====== Available data

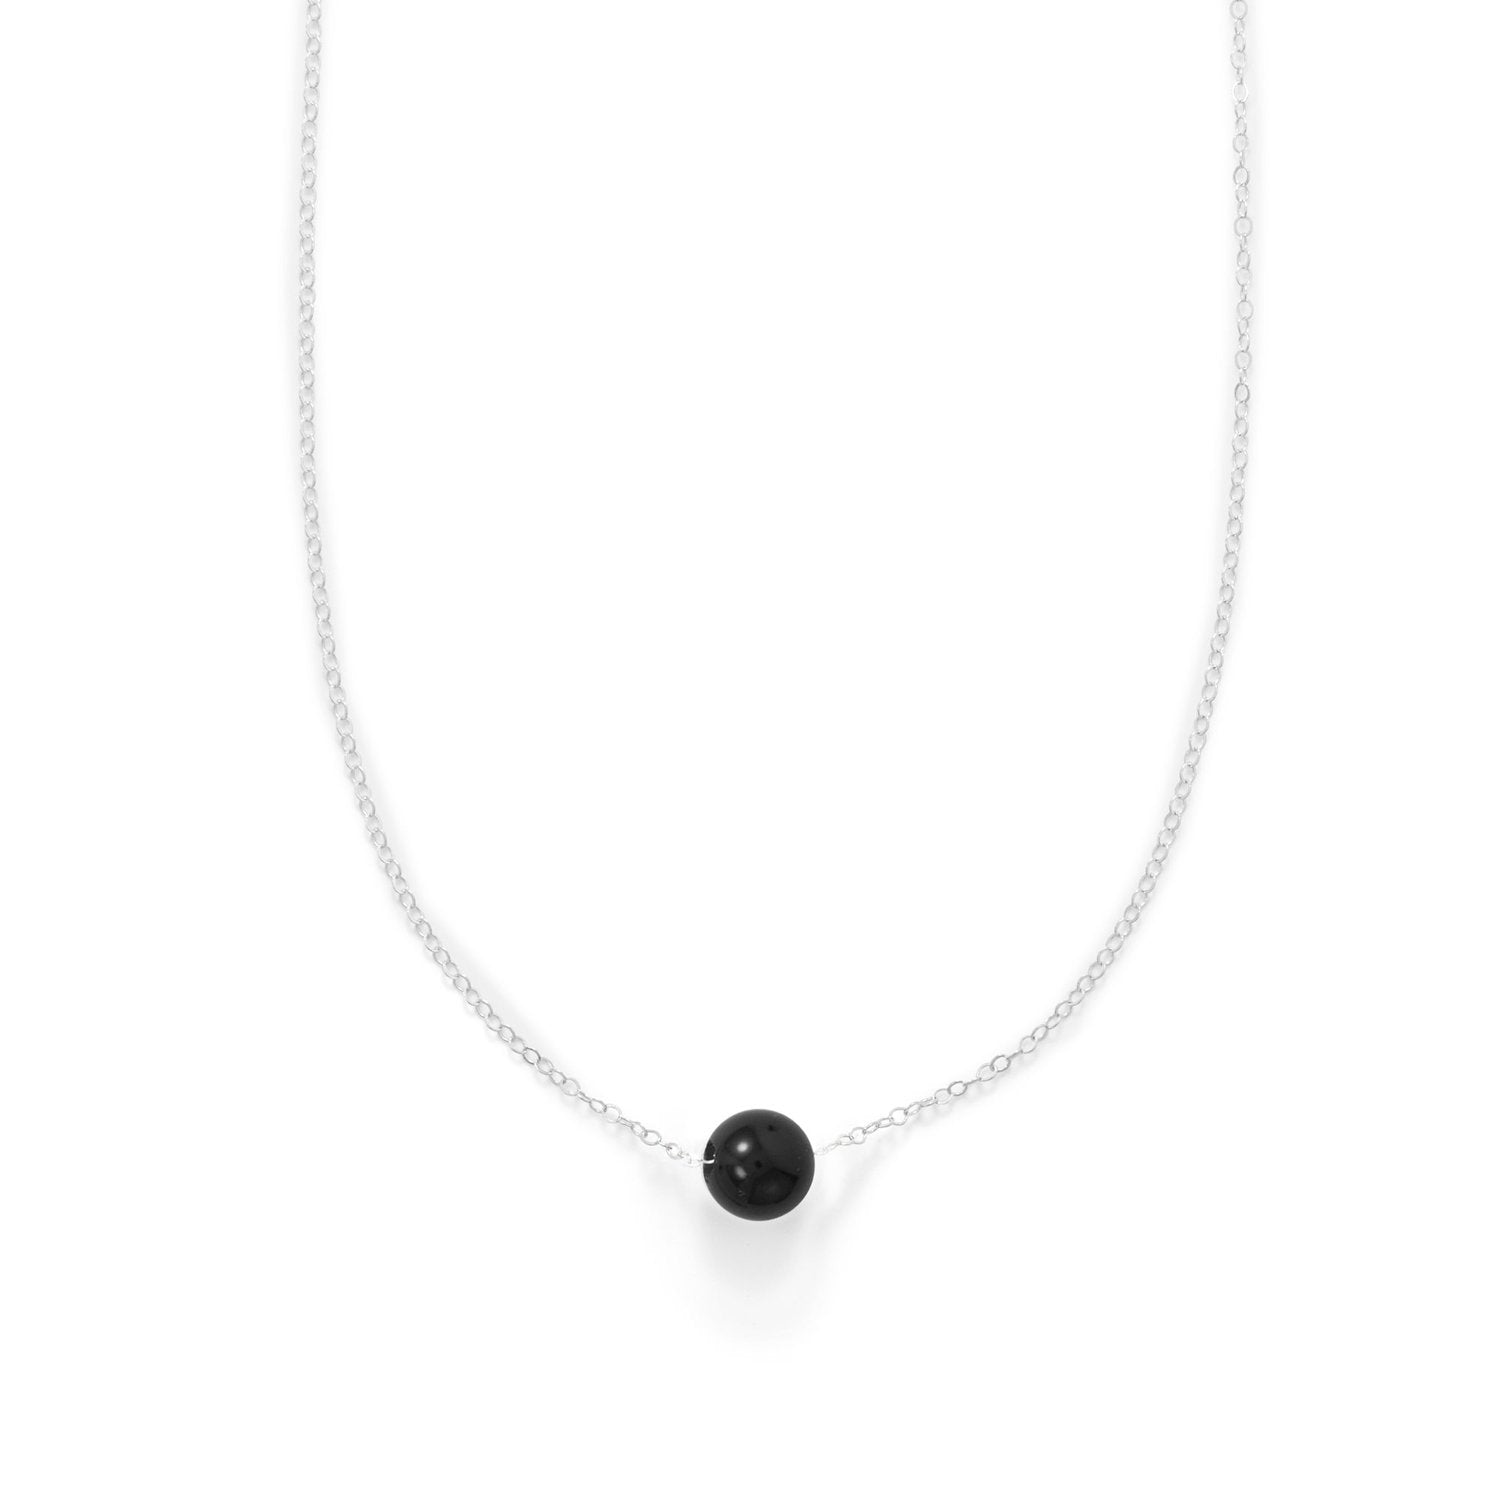 16" + 2" Floating Black Onyx Bead Necklace - Joyeria Lady
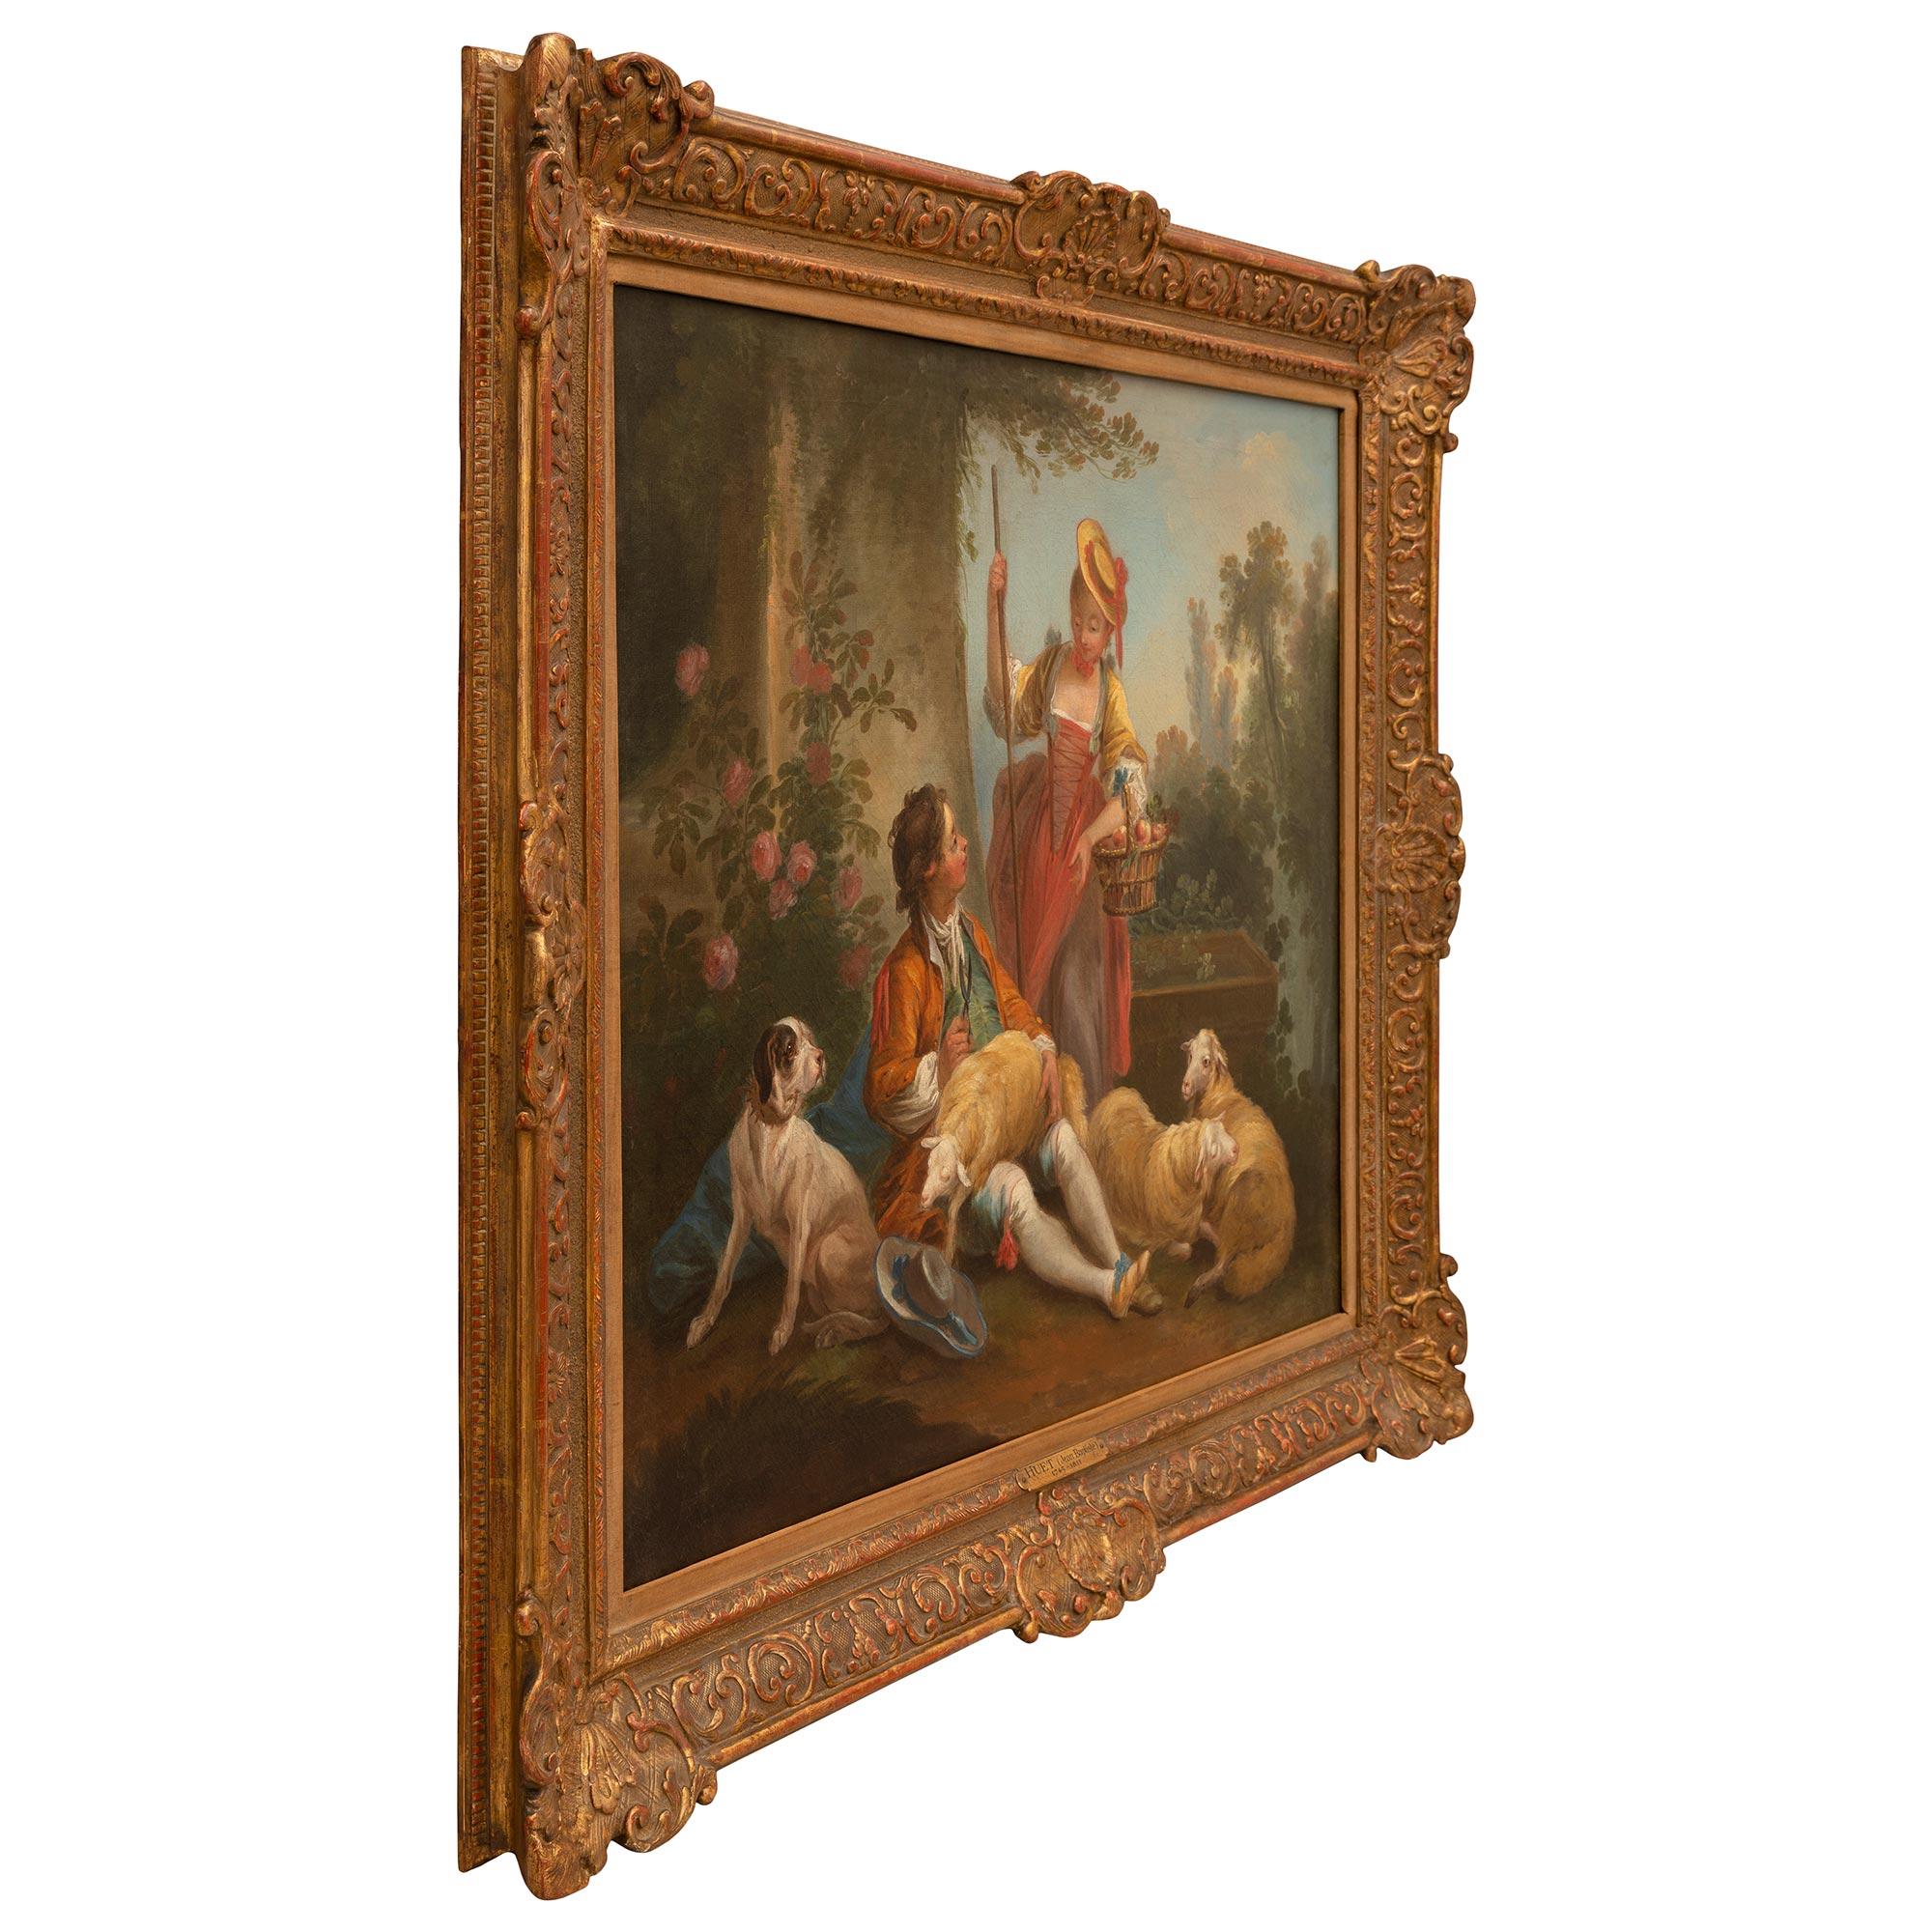 Une paire étonnante de peintures à l'huile sur toile du 19ème siècle attribuées à Jean-Baptiste Huet. Chaque tableau est présenté dans son cadre d'origine en bois doré au motif finement tacheté et richement sculpté de motifs feuillus, de coquillages
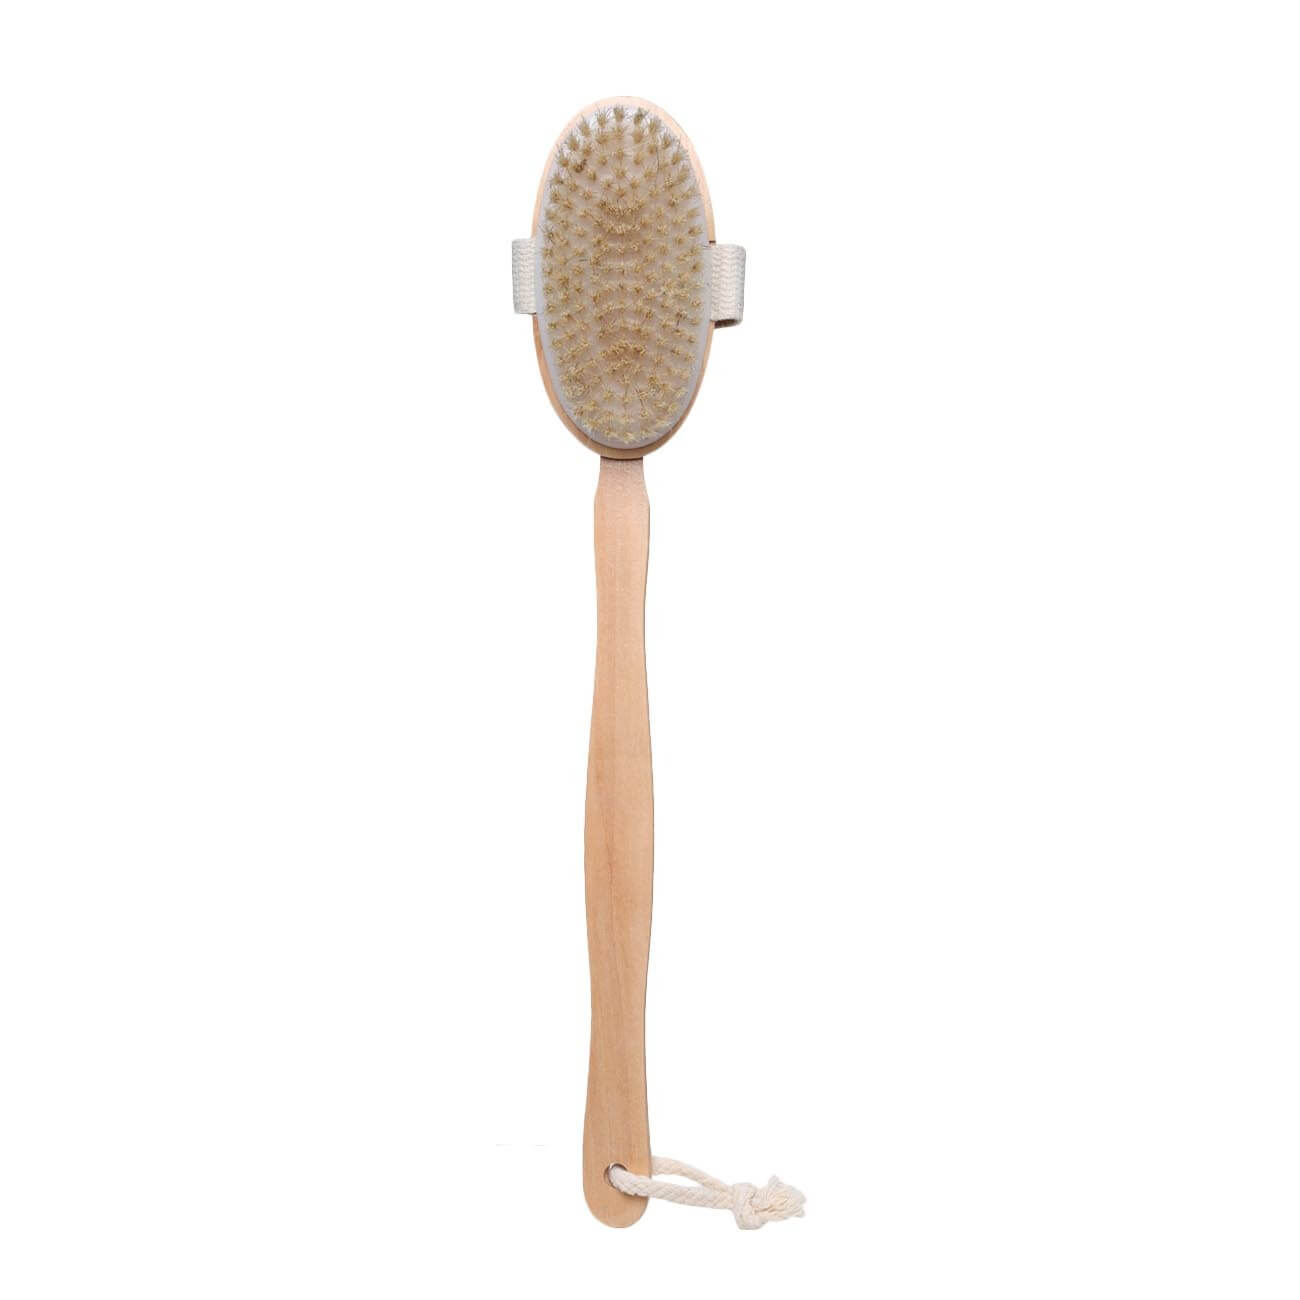 Щетка для сухого массажа, 40 см, с держателем, дерево/нейлон, Bamboo spa щетка массажная для тела доляна с ручкой натуральная щетина

============

◆ **Exercise description**
Leaving out only the pictures, reproduce the listing exactly.

◆ **Output of the task**
 16" + 2" Floating Black Onyx Bead Necklace - Joyeria Lady
 Une paire étonnante de peintures à l'huile sur toile du 19ème siècle attribuées à Jean-Baptiste Huet. Chaque tableau est présenté dans son cadre d'origine en bois doré au motif finement tacheté et richement sculpté de motifs feuillus, de coquillages
 Щетка для сухого массажа, 40 см, с держателем, дерево/нейлон, Bamboo spa щетка массажная для тела доляна с ручкой натуральная щетина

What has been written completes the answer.